Photo courtesy of by Essjay in NZ and is licenced under the Creative Commons License.
The following wisdom was brought to mind today from one of my blog friends, “The Daily Dish,” when she questioned on her blog today how products sold for 1 dollar are able to be sold for such a low price.
Take a ring of keys, place them down in front of you. What do you see? Keys right? Wrong. What is a key? What does it represent? A way in, a way out. A home. A car. Employment. Businesses making keys, providing shelter and protection for families. A steel mill, workers burning ore, machines creating heat, extracting metal used for keys. Migrant workers in mines, minimal wages providing food, small villages with dusty roads, ragged huts that don’t need keys.
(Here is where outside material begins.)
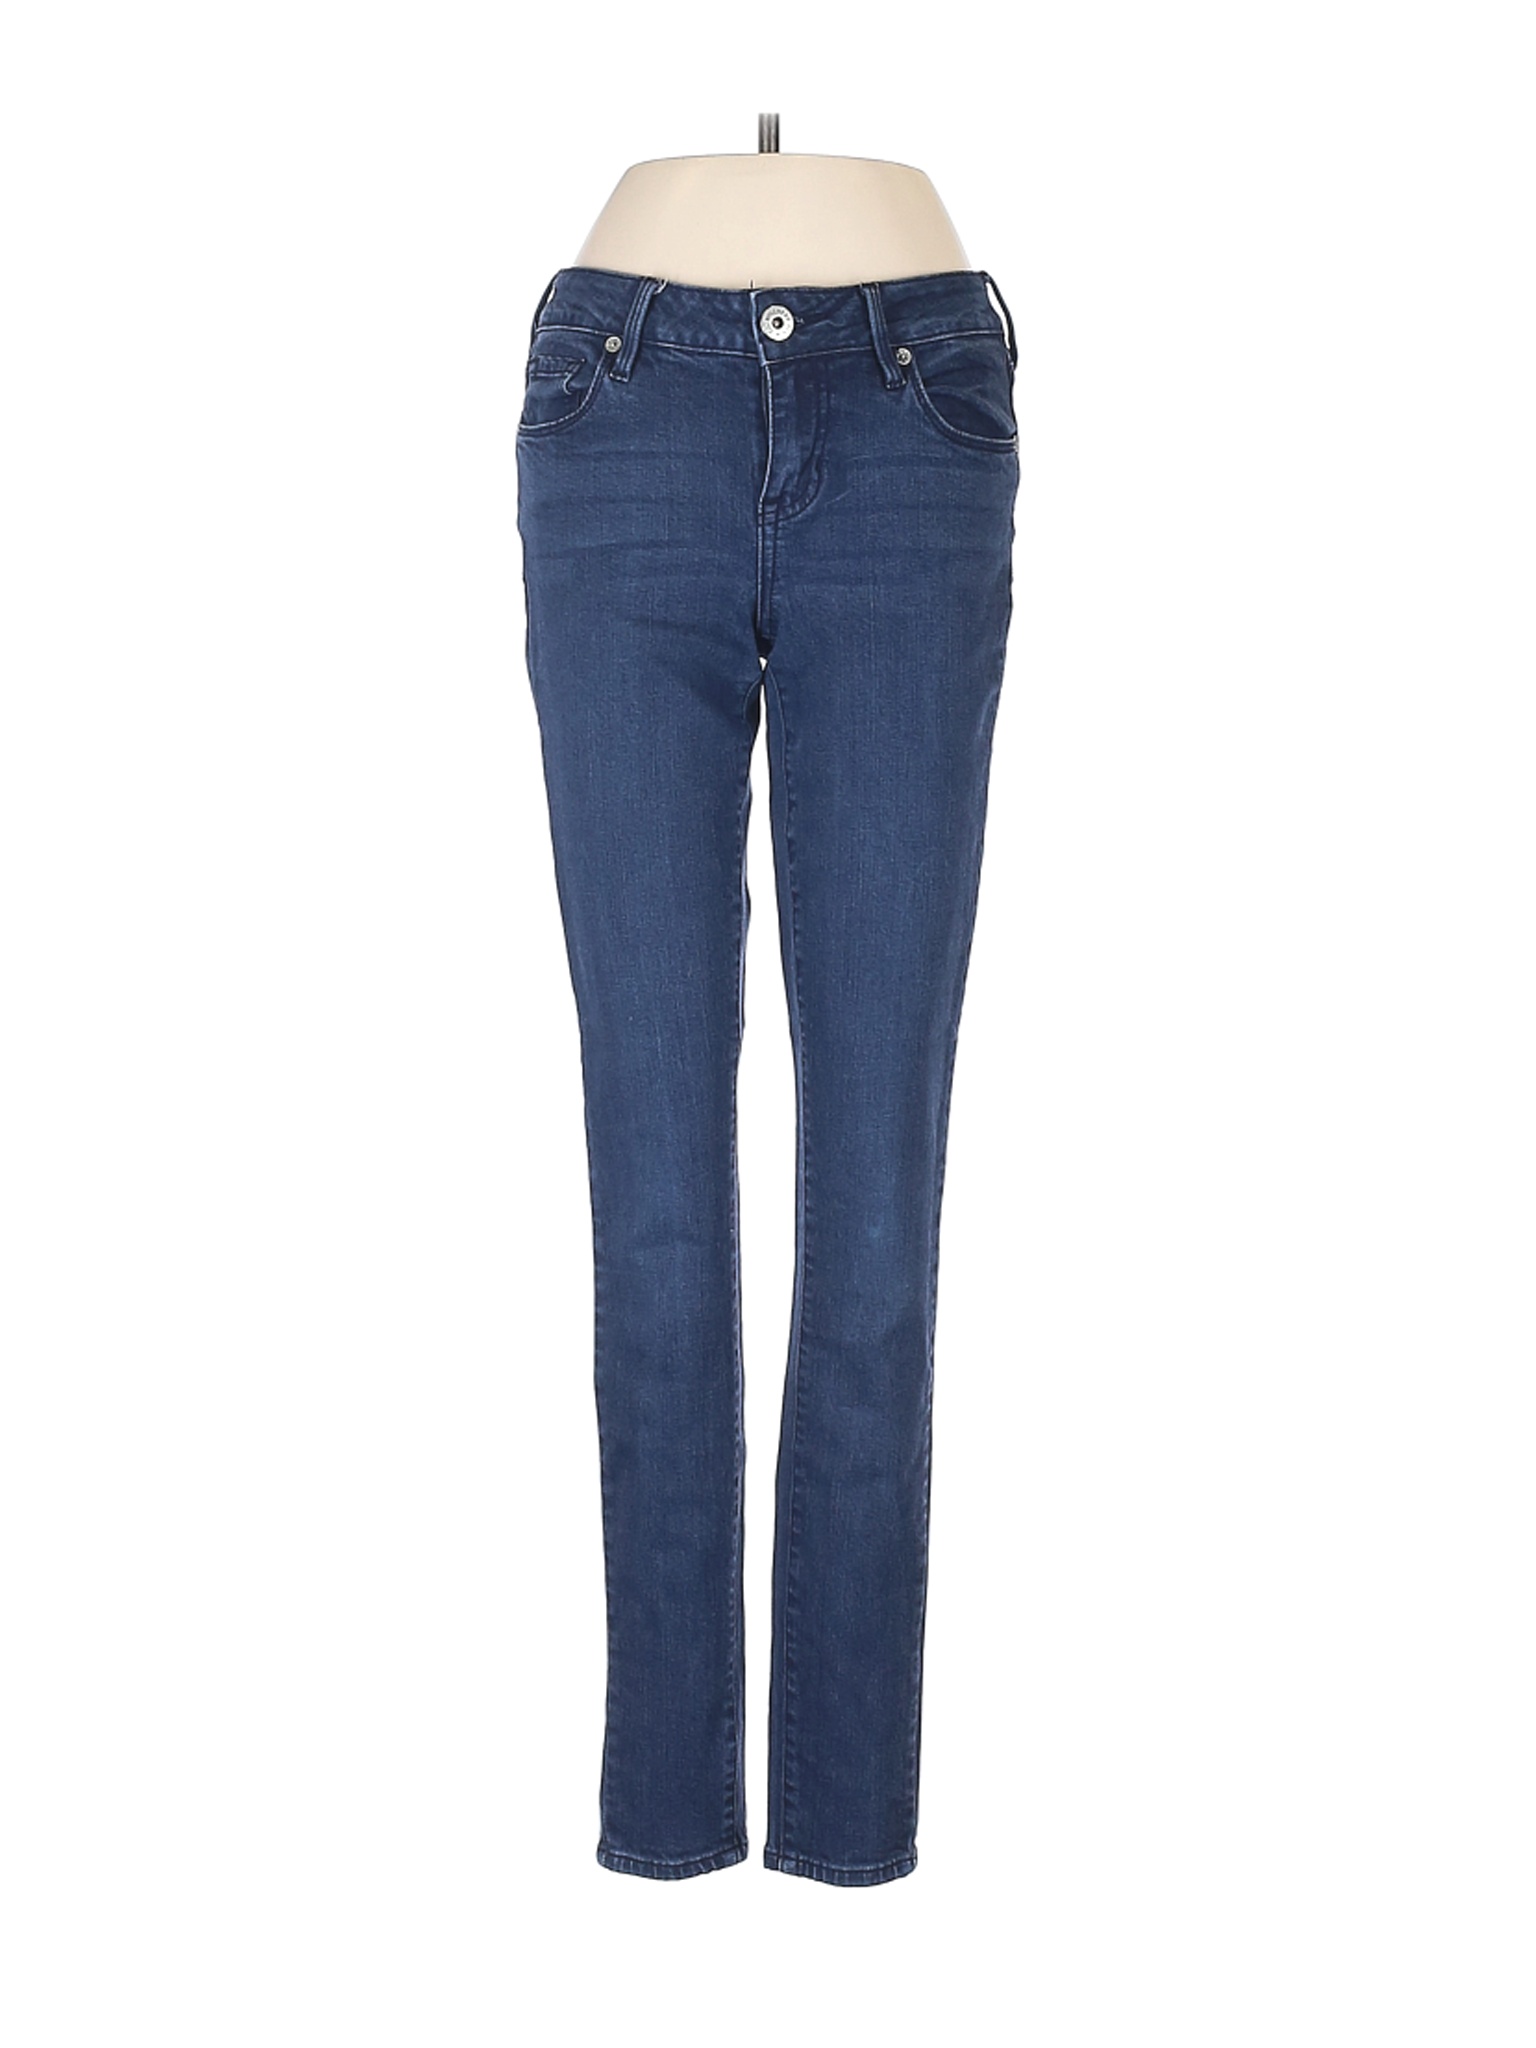 Bullhead Women Blue Jeans 1 | eBay

Steel-industry inheritance, caviar, a Jaguar; mansions with many doors, many locks that need many keys. Hot steel being shaped, not enough air, black lung desease. Fire extracting metal, interstate travel, truckers moving metal, making machines, to make keys. The key is never what you see. There is always more.
~From Acts of Faith, Iylanla Vanzant




Labor + materials = cheap Wal-Mart goods. I reject foreign made goods originating from sweatshop nations who abuse human rights. It might hurt the people in the short run, but it is better in the long run because it forces their leaders to enact changes.